PROBLEM DESCRIPTION -> Your answer should repeat exactly the lines from the one holding "KNORR PROFESSIONAL Сливочная" through the end of the data, and it should contain no pictures.

DATA BELOW ->
----------------------------------------

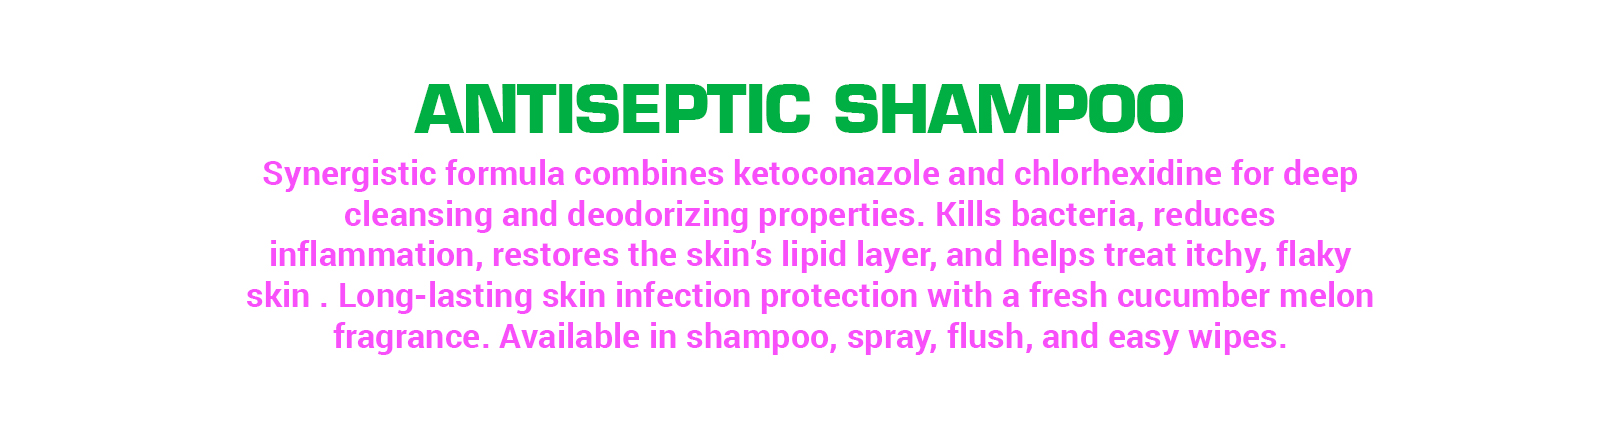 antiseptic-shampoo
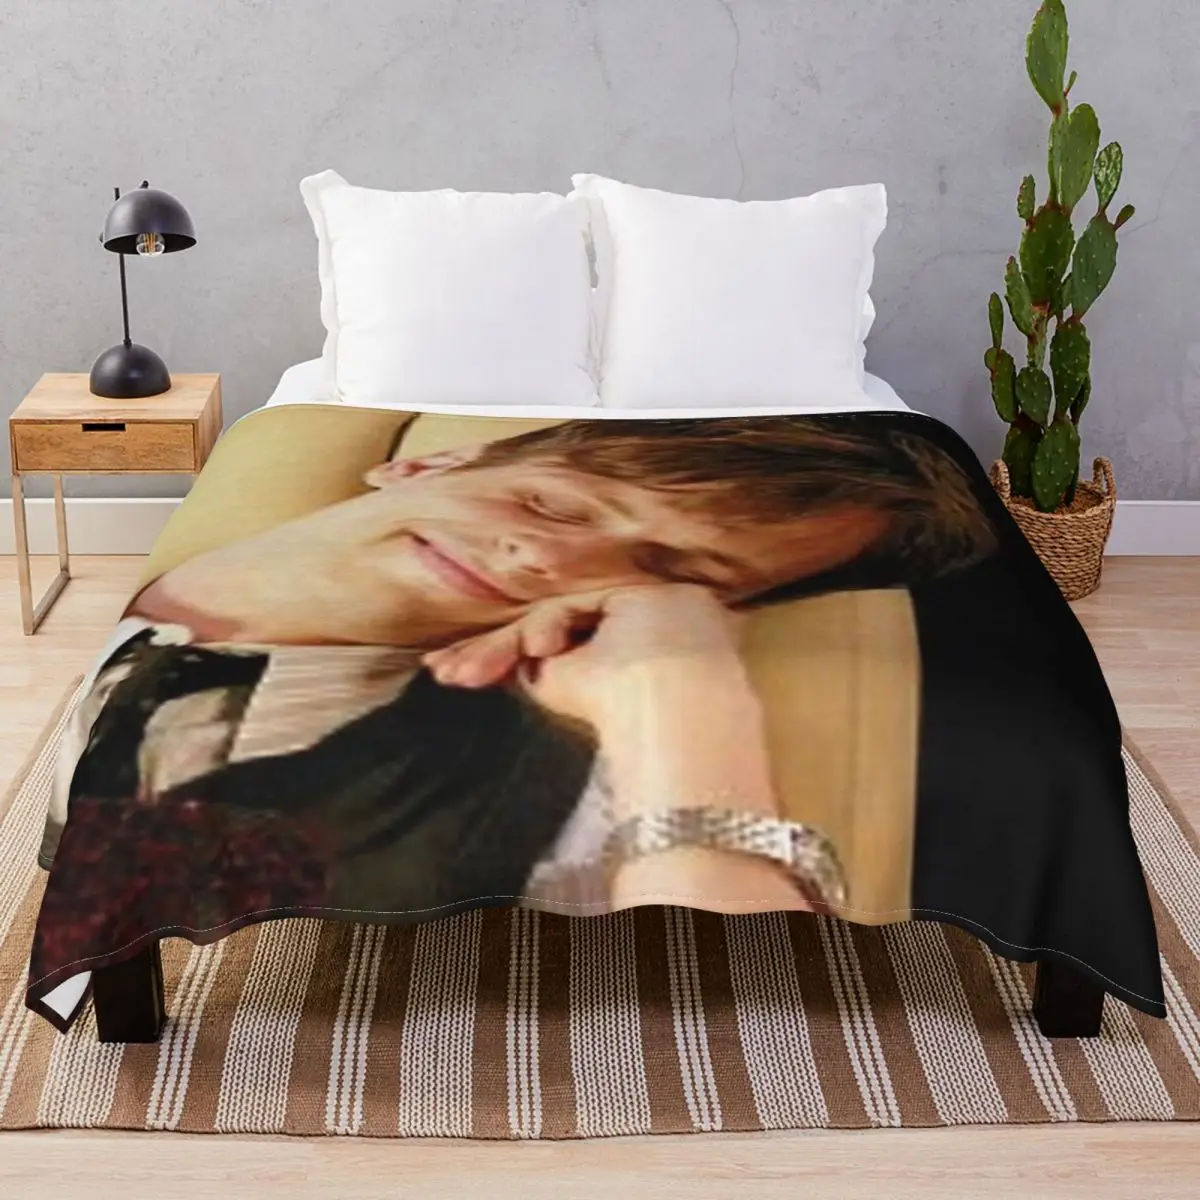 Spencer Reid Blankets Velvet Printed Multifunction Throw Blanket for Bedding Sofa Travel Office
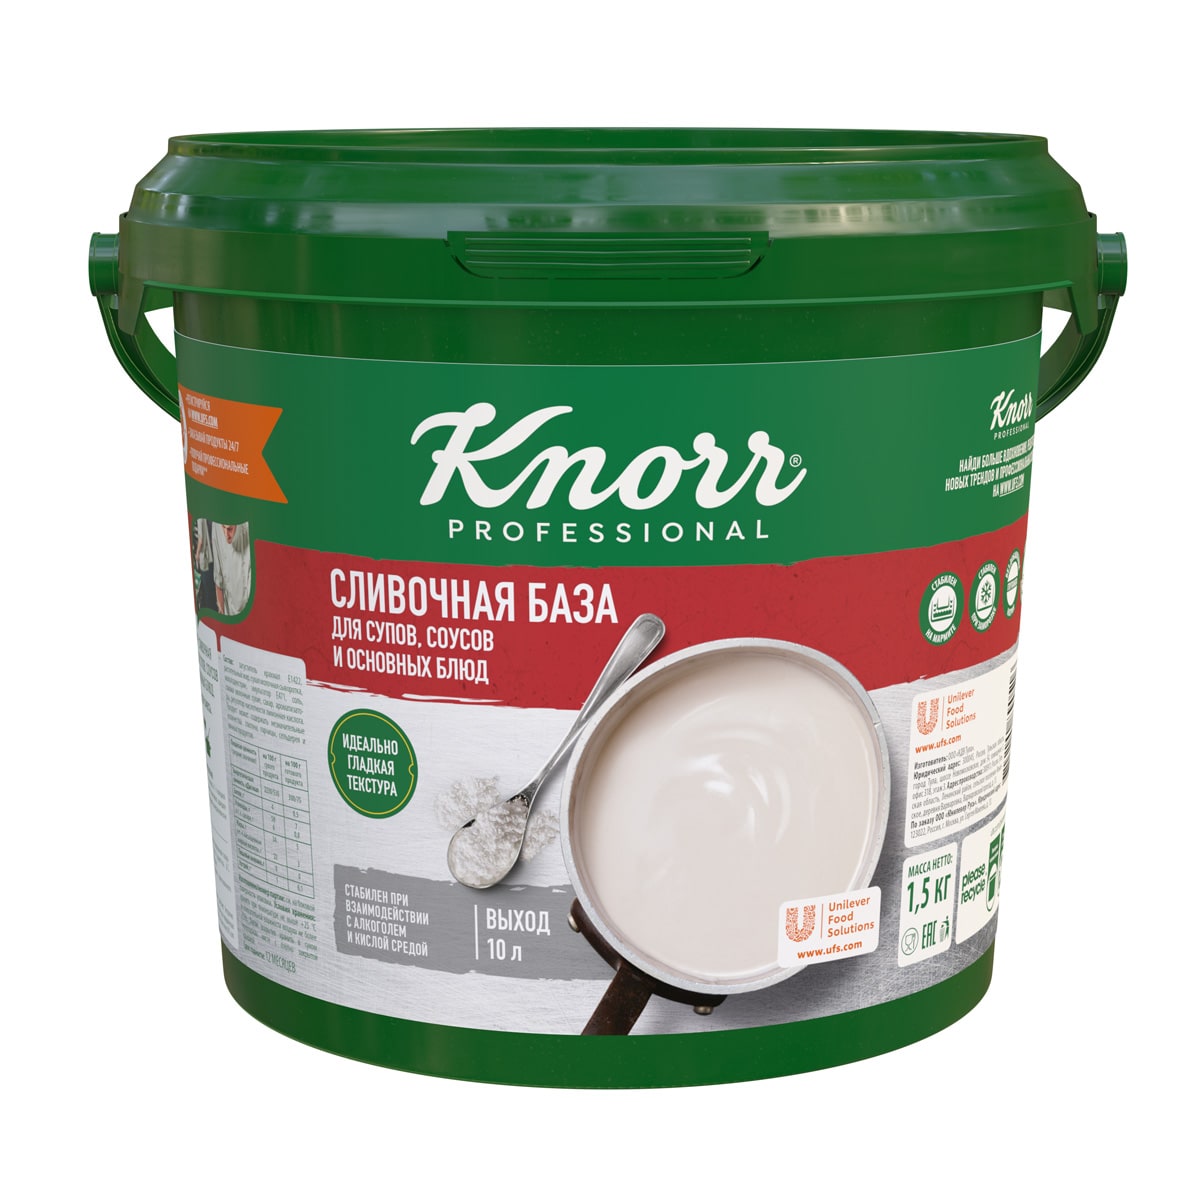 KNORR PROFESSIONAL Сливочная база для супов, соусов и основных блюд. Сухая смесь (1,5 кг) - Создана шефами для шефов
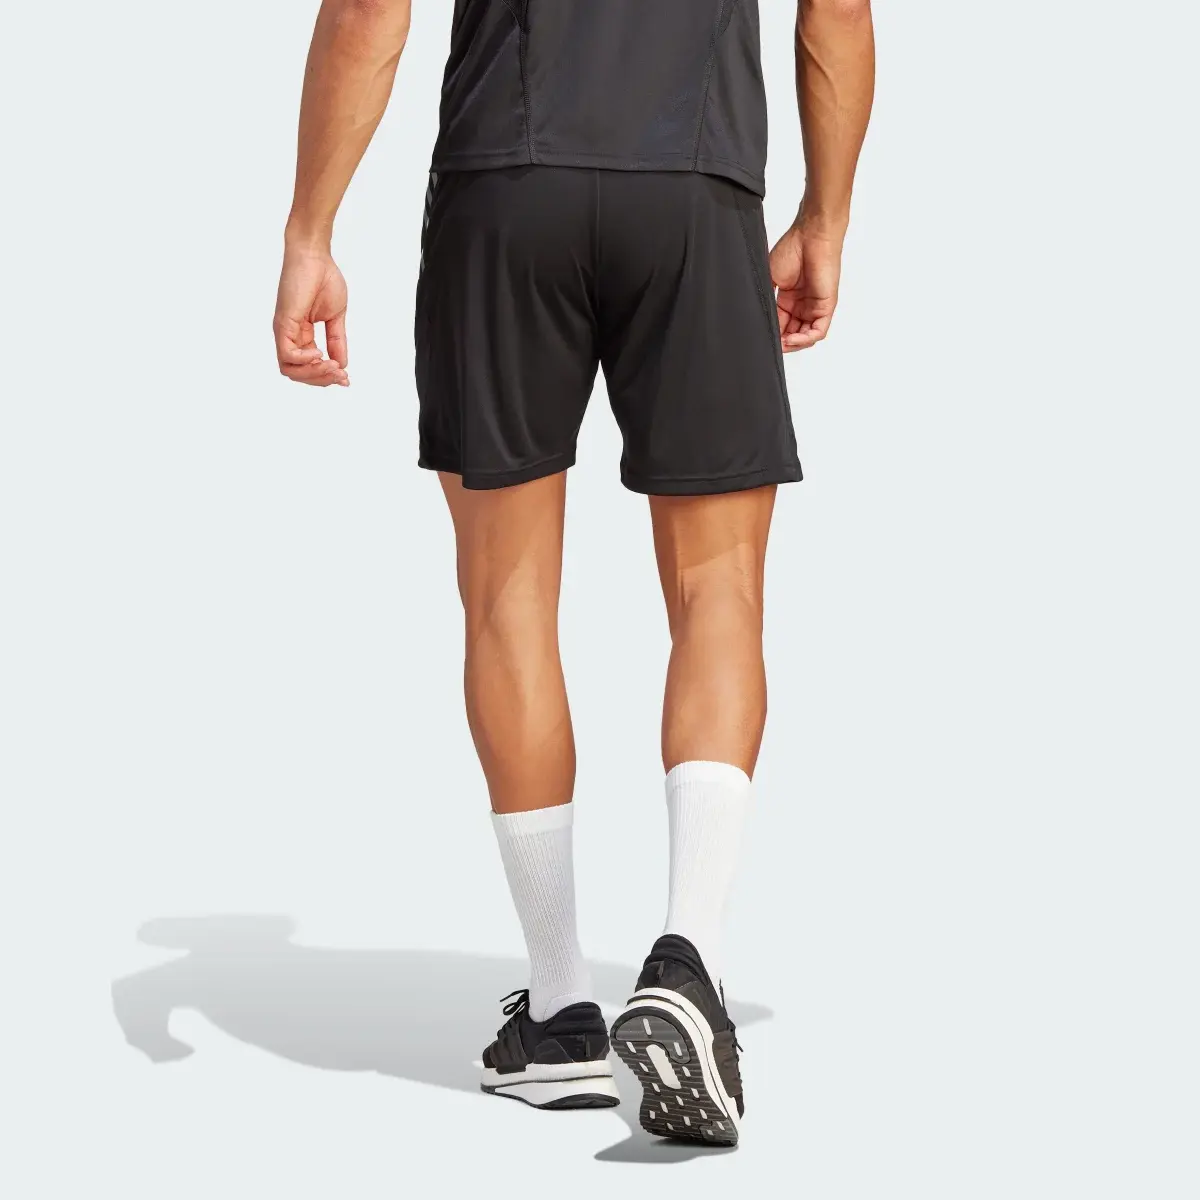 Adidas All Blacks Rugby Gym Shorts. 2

----------------------------------------

SOLUTION BELOW ->
 KNORR PROFESSIONAL Сливочная база для супов, соусов и основных блюд. Сухая смесь (1,5 кг) - Создана шефами для шефов
 Adidas All Blacks Rugby Gym Shorts. 2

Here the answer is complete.